== THE DATA

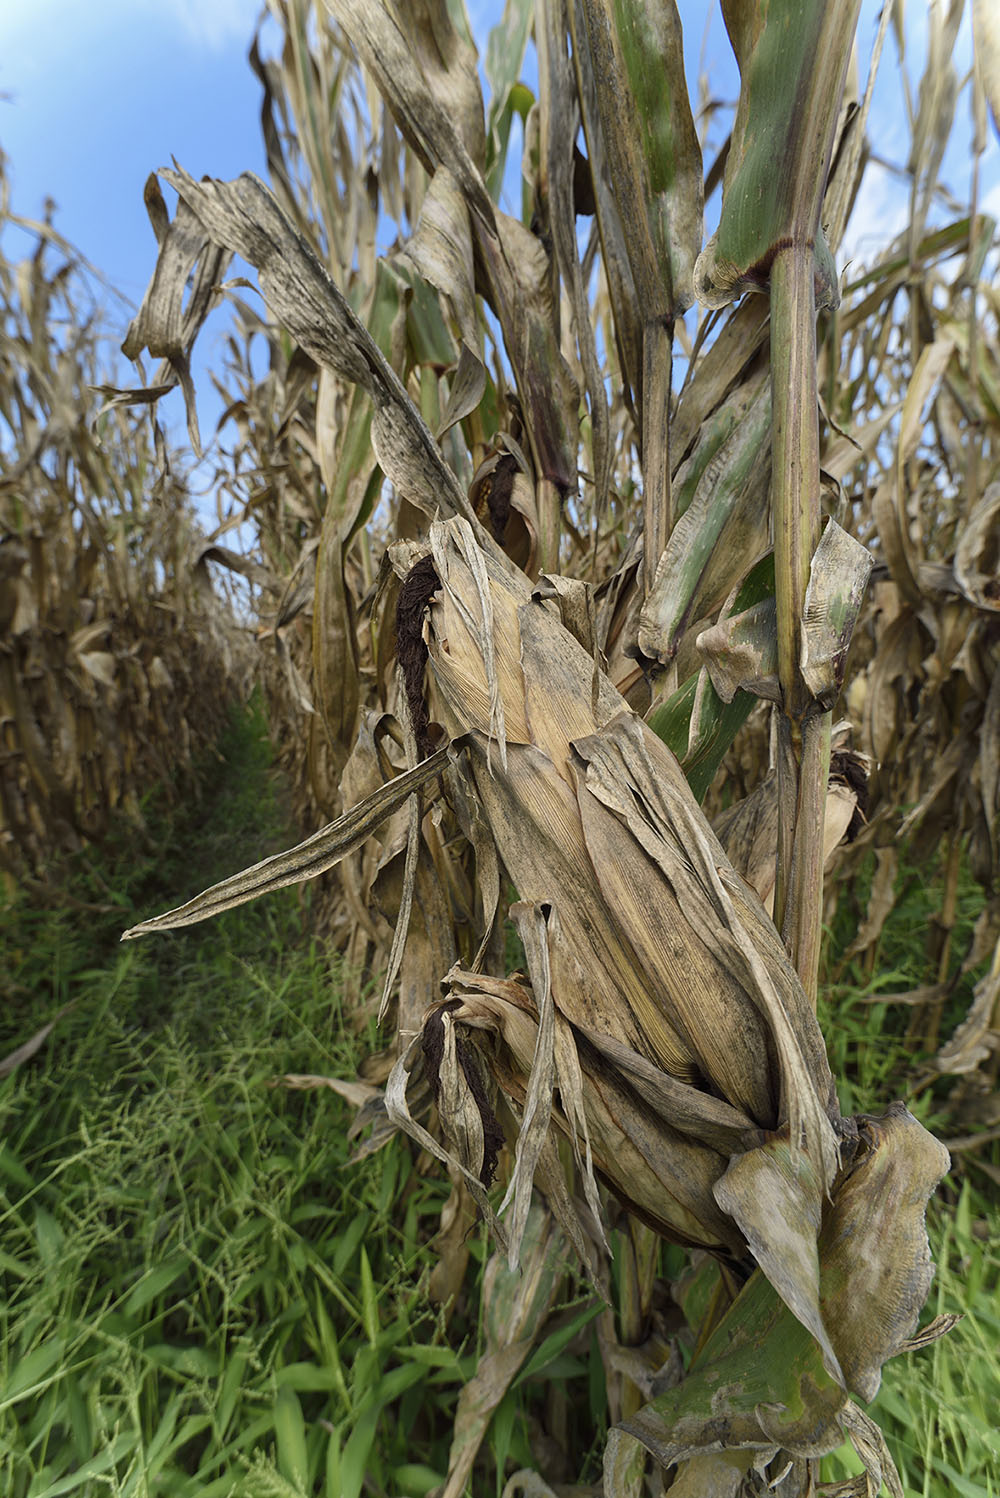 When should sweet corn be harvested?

====
== THE DATA

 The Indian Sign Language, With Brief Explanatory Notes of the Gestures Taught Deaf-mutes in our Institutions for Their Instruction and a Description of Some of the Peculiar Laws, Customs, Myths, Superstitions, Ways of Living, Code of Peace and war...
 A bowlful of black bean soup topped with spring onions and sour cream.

====

Take the lines above from the one containing "The Indian Sign" down to the one containing "A bowlful of", and transcribe them exactly, both ends included.

=== RESULT BELOW ===
 The Indian Sign Language, With Brief Explanatory Notes of the Gestures Taught Deaf-mutes in our Institutions for Their Instruction and a Description of Some of the Peculiar Laws, Customs, Myths, Superstitions, Ways of Living, Code of Peace and war...
 A bowlful of black bean soup topped with spring onions and sour cream.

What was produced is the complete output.